Azalea membalikkan tubuhnya sambil berfikir keras. Azalea kemudian berjalan kearah pintu, berusaha untuk mendengar suara siapapun yang berada diluar sana. Azalea menempelkan telinganya ke pintu itu.

Nihil. Setelah menguping selama sepuluh menit, tidak ada suara apapun yang terdengar dari luar sana. Azalea mengira keadaan diluar sana sangat sepi, tidak ada orang. Azalea hendak membuka pintu itu, namun tiba-tiba seseorang membekap mulut Azalea dari belakang. Azalea ingin berteriak namun seseorang itu langsung berkata, “Diam, Lea.”

****

Arfid meletakkan ponsel dan tasnya di atas tanah yang sedang ia tapaki. Saat ini, Arfid memantau rumah kosong yang ada ditengah hutan salah satu kecamatan yang ada di Kota Palembang yang bernama Sekayu. Sinar rembulan menerangi rumah yang terlihat sepi dan sedikit menyeramkan itu.

Sebelum menuju kesini, Arfid melakukan rapat bersama Mbak Metri  melalui telepon. Beruntung Ilham menceritakan kejadian yang menimpanya kepada Arfid. Arfid berjanji akan melindungi Ilham dan menyuruh Ilham untuk menginap dirumah orang tua demi keamanannya sendiri. Sambil memegang sebuah pistol, Arfid bergerak pelan menuju rumah itu dan meninggalkan ponselnya yang sengaja diaktifkan GPS.

Arfid melangkahkan kakinya dengan hati-hati sambil menelusuri rumah yang sudah hampir reyot itu. Arfid melirik kearah jendela kaca yang ujungnya terlihat runcing dan tajam. Arfid menemukan Azalea yang sedang menempelkan telinga ke pintu. Arfid meletakkan pistolnya ke hoster yang ada disamping pinggangnya. Dengan cepat, Arfid langsung masuk ke ruangan itu melalui jendela. Darah mengucur dari lengannya yang terluka karena bergesekkan dengan kaca yang tajam.
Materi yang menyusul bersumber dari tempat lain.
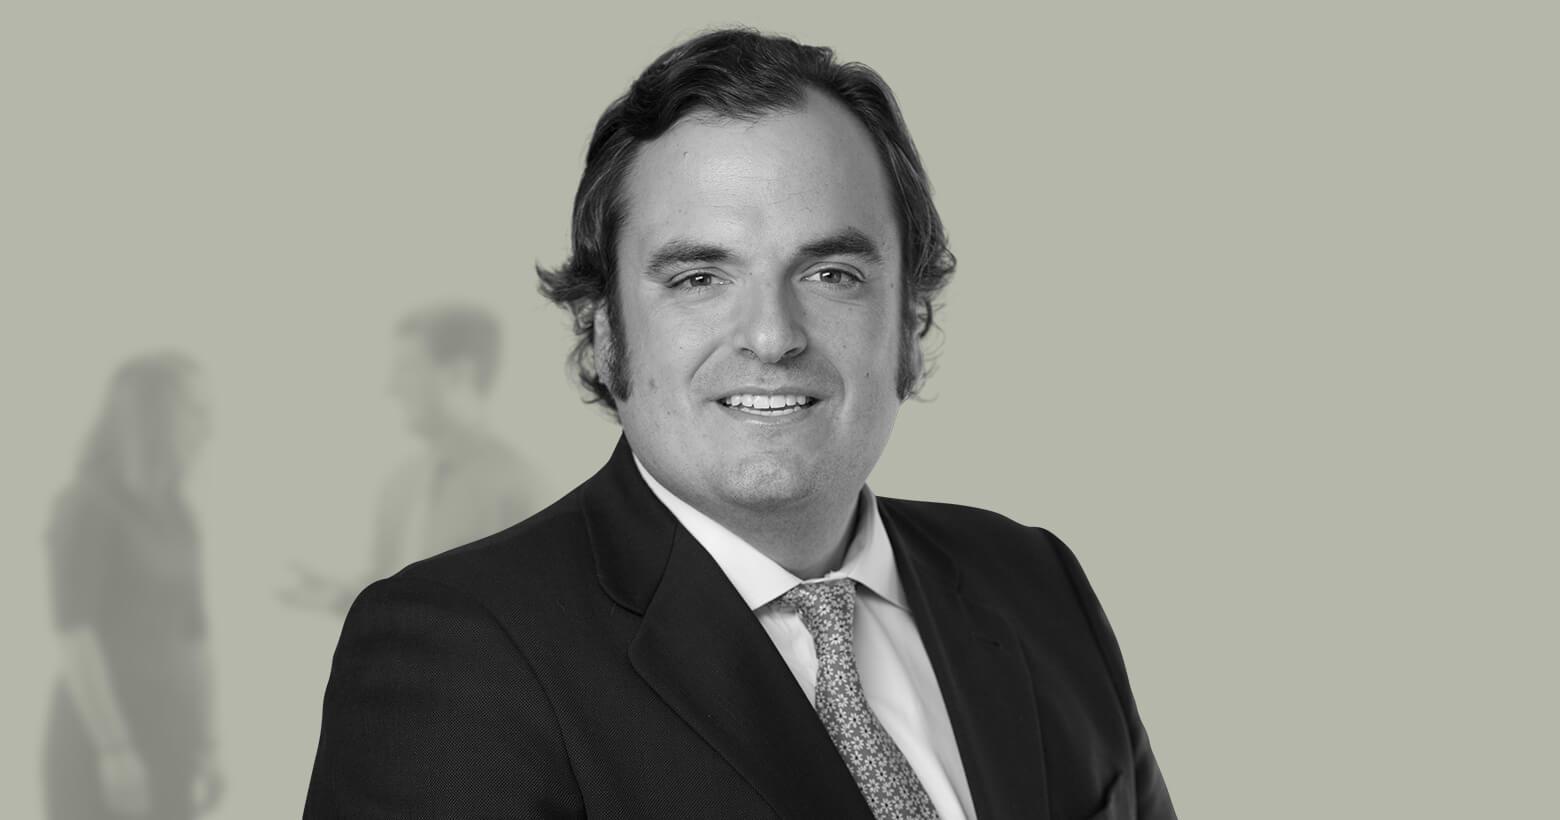 Melchor Alvarez de Mon

Tanpa memedulikan rasa perih yang ada di lengannya, Arfid berhasil masuk ke ruangan itu tanpa menghasilkan suara sekecil pun. Arfid berjalan dengan hati-hati menuju ke arah Azalea yang hendak membuka pintu. Arfid langsung membekap mulut Azalea. Azalea nyaris berteriak jika saja Arfid tidak berkata, “Diam,Lea.”

Azalea langsung membalikkan tubuhnya kemudian memeluk Arfid, “Maafkan aku.”

Arfid melepaskan pelukan Azalea kemudian menempelkan jari telunjuknya ke bibir Azalea. Azalea paham maksud Arfid. Arfid pun menyeret tangan Azalea ke tumpukan seng yang ada disudut.

Sinar matahari pagi sudah mulai masuk kedalam ruangan itu melalui jendela. Arfid hendak berjalan ke arah jendela itu namun gagal karena pintu ruangan itu terlihat akan dibuka. Arfid langsung menyeret Azalea untuk berada dibelakangnya.